4,5 4,6 4,7 4,8 4,9 5 5,1 1 3 5 7 9 12 30 60 90 Olgunlaşma süresi(gün) pH Pastörize Çiğ

Şekil 4.9. Olgunlaşma süresince Mihaliç peynirlerinin pH değerlerinde meydana gelen değişim

Şekil 4.9.’dan “Peynir grupları x Olgunlaşma süresi” arasındaki ilişki görülmektedir. P1 ve P2 örneklerinin pH değerlerindeki değişim biraz benzerlik göstermektedir. Bir grup araştırmacı ise çalışmalarında peynir örneklerindeki pH değerlerinde olgunlaşma dönemi boyunca artış ve azalışların meydana geldiğini belirtmektedir (Halkman ve ark. 1994, Coşkun 1995). Pastörize sütten yapılan P1 örneklerinde 1. ve 3. günlerde pH değerinde meydana gelen azalma ortama katılan starter kültürün aktivitesinden kaynaklandığı düşünülmektedir. Her iki peynir grubunda olgunlaşmanın 12. gününe kadar artış ve azalmalar gösterirken, 12. günden sonra pH değerinde sürekli bir artma göstermiştir. pH değerlerinin bu dönemde artmasında, ortamda bulunabilecek bazı parçalanma ürünlerinin peynire tampon bir özellik kazandırması ve laktik asidin proteoliz ürünlerinden bir kısmı ile nötralizasyonundan (Halkman ve ark. 1994), yağ asitlerinin metil ketonlara dönüşmesi şeklindeki biyokimyasal olaylardan kaynaklandığı söylenebilir ( Tunçtürk 1996).

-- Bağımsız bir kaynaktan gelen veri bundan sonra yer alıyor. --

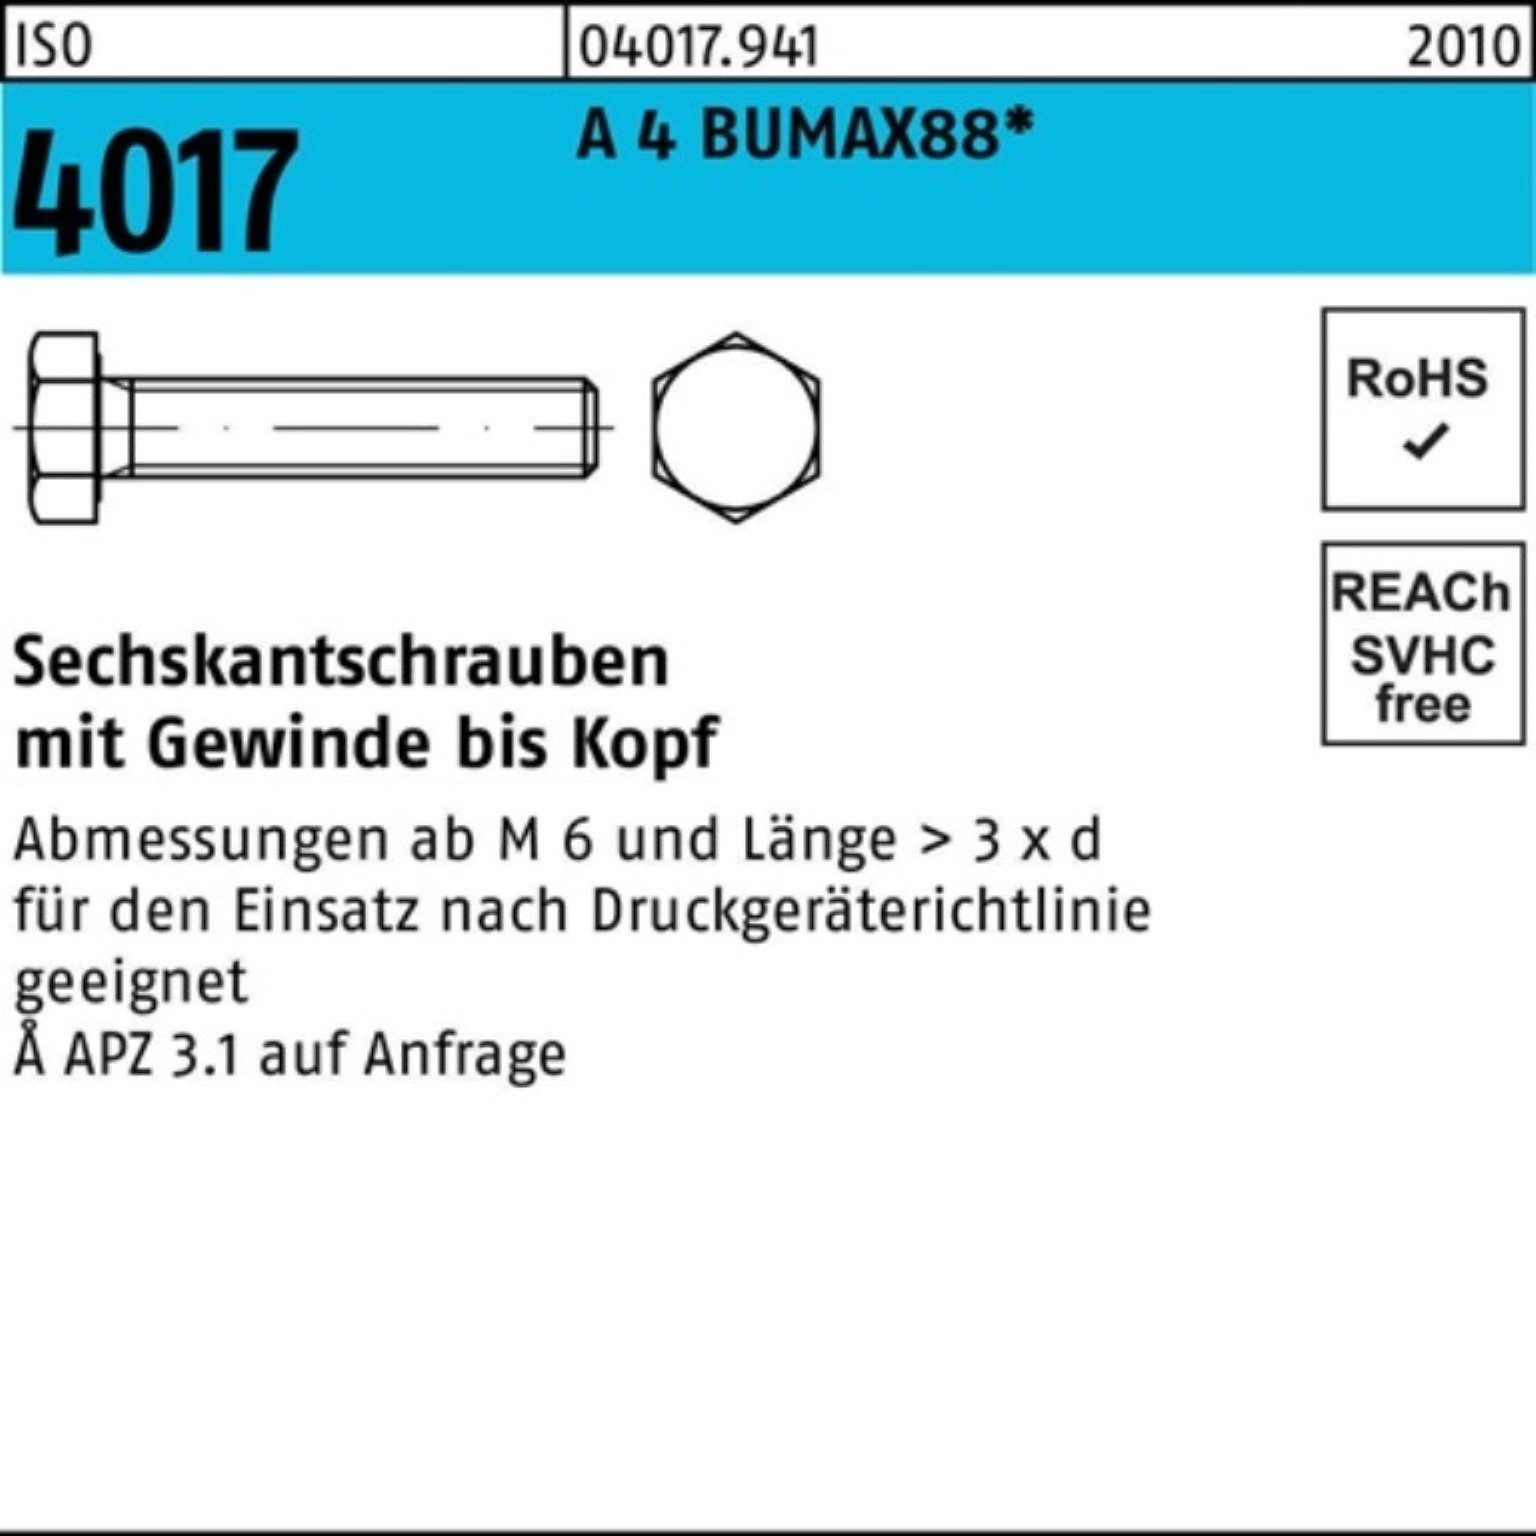 Bufab Sechskantschraube 100er Pack Sechskantschraube 4 30 Stück 50 M10x 4017 ISO A VG BUMAX88
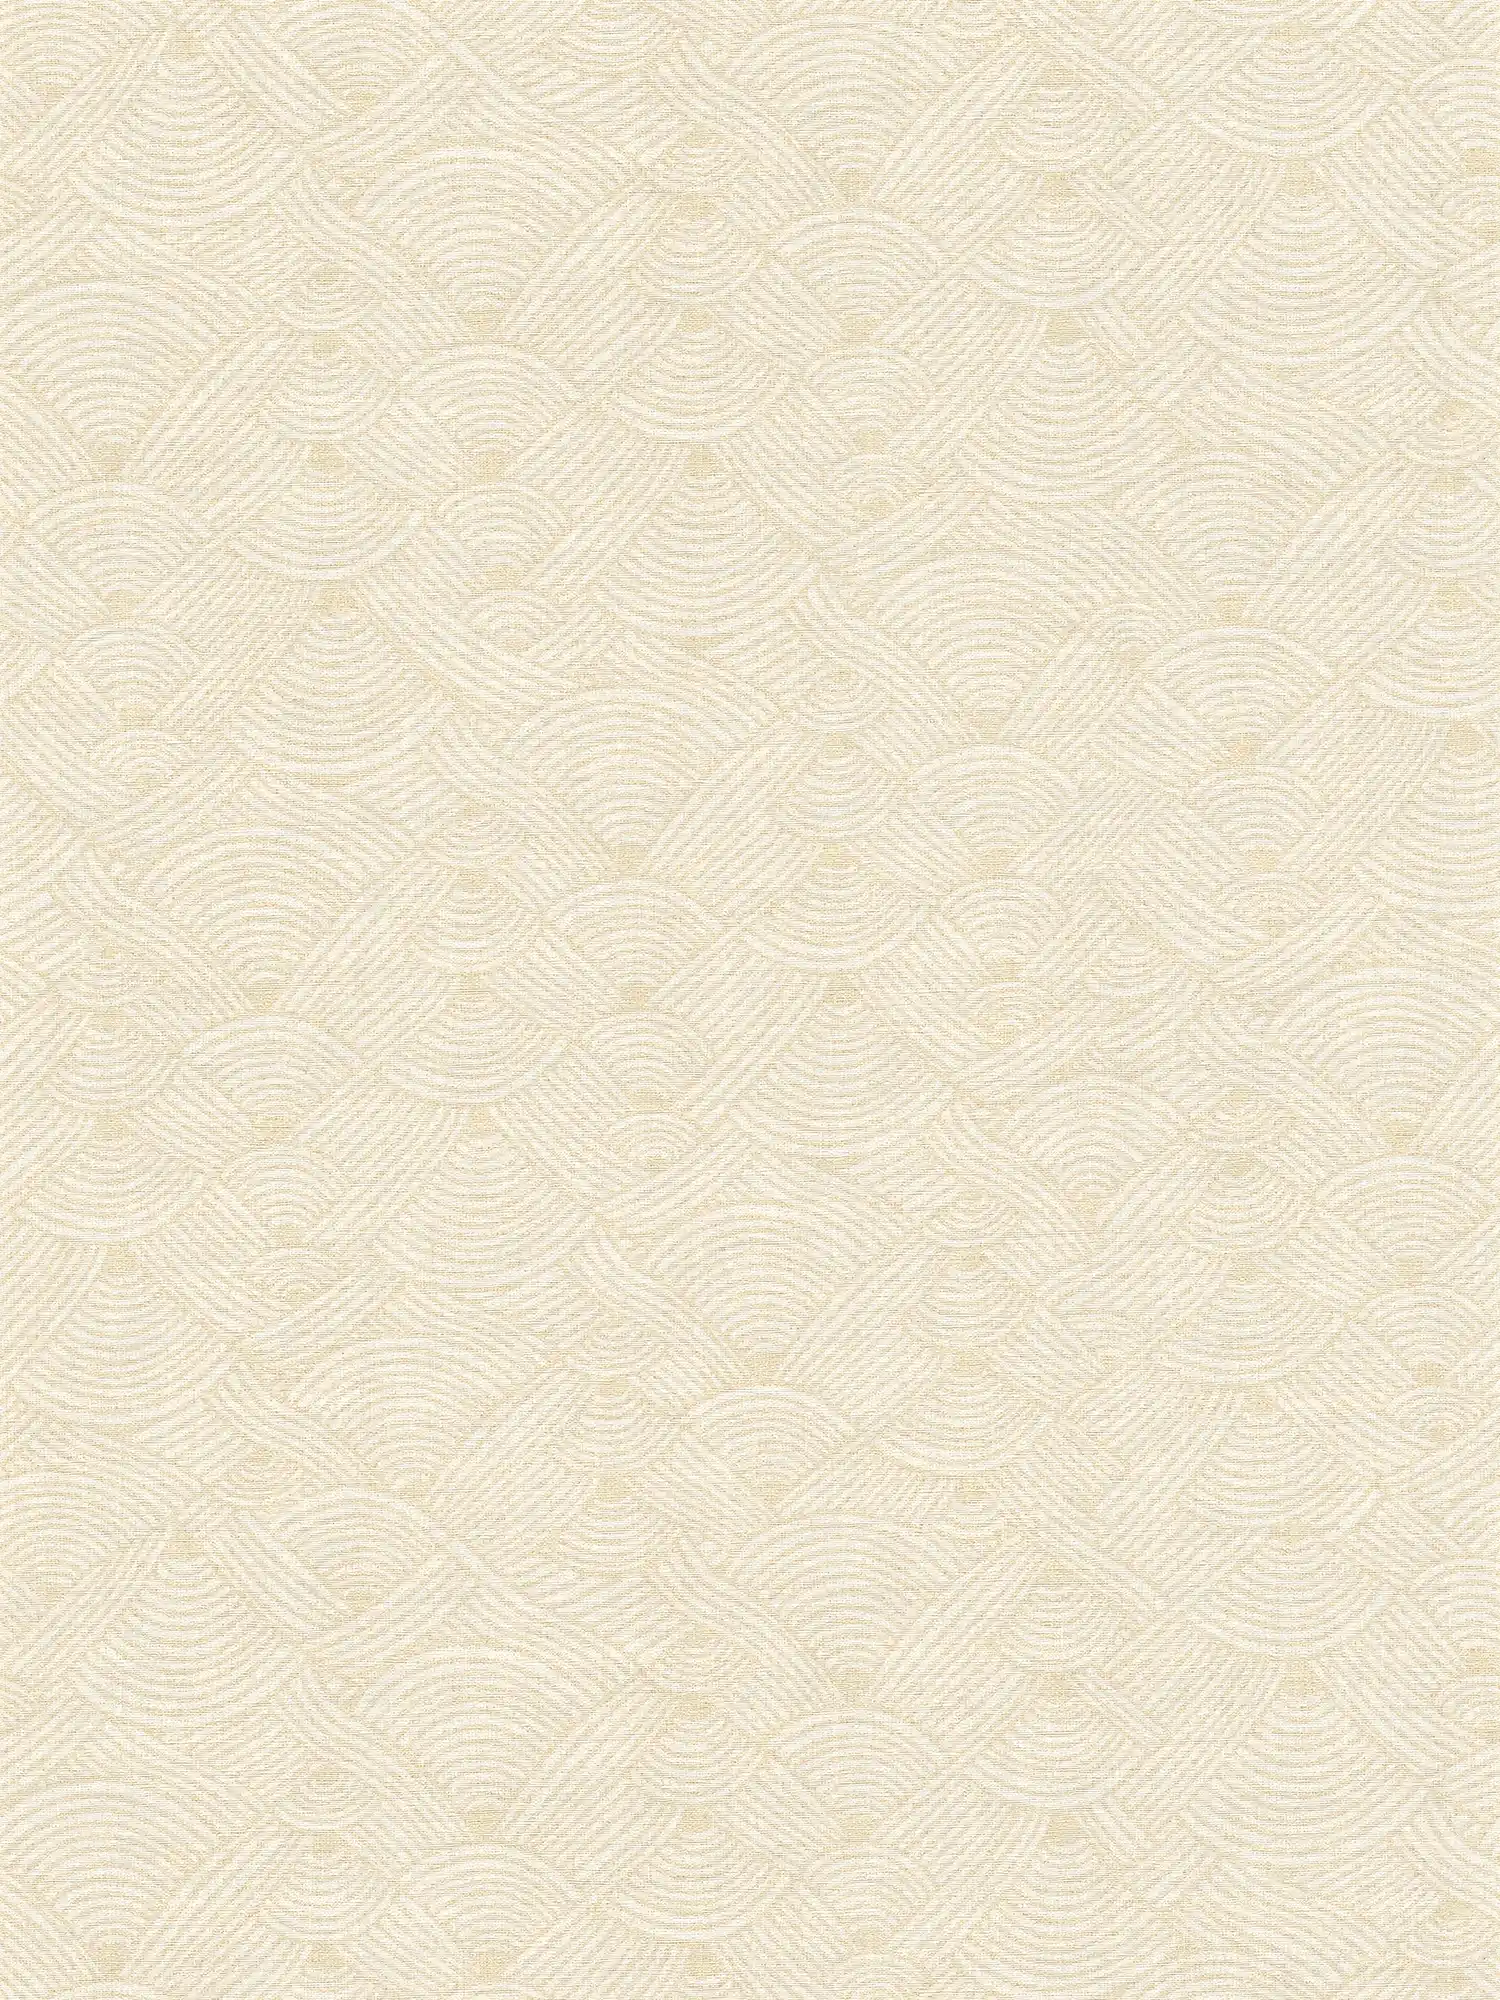 Carta da parati in tessuto non tessuto con disegno di licheni in stile etno - crema, bianco

Denememizdeki pH değerleri, Yaygın ve ark. (1984), Şen (1991), Özcan (2000) ve Özdemir ve ark.’nın (2004) yapmış oldukları araştırmalardaki pH değerlerinden düşük çıkmıştır. Düşük çıkmasının sebebini ise üretimde kullanılan çiğ sütün farklı olmasına, ortama katılan starter kültürün farklı aktivitede olmasına ve üretim tekniğinin farklı olması gibi faktörlere bağlanmaktadır.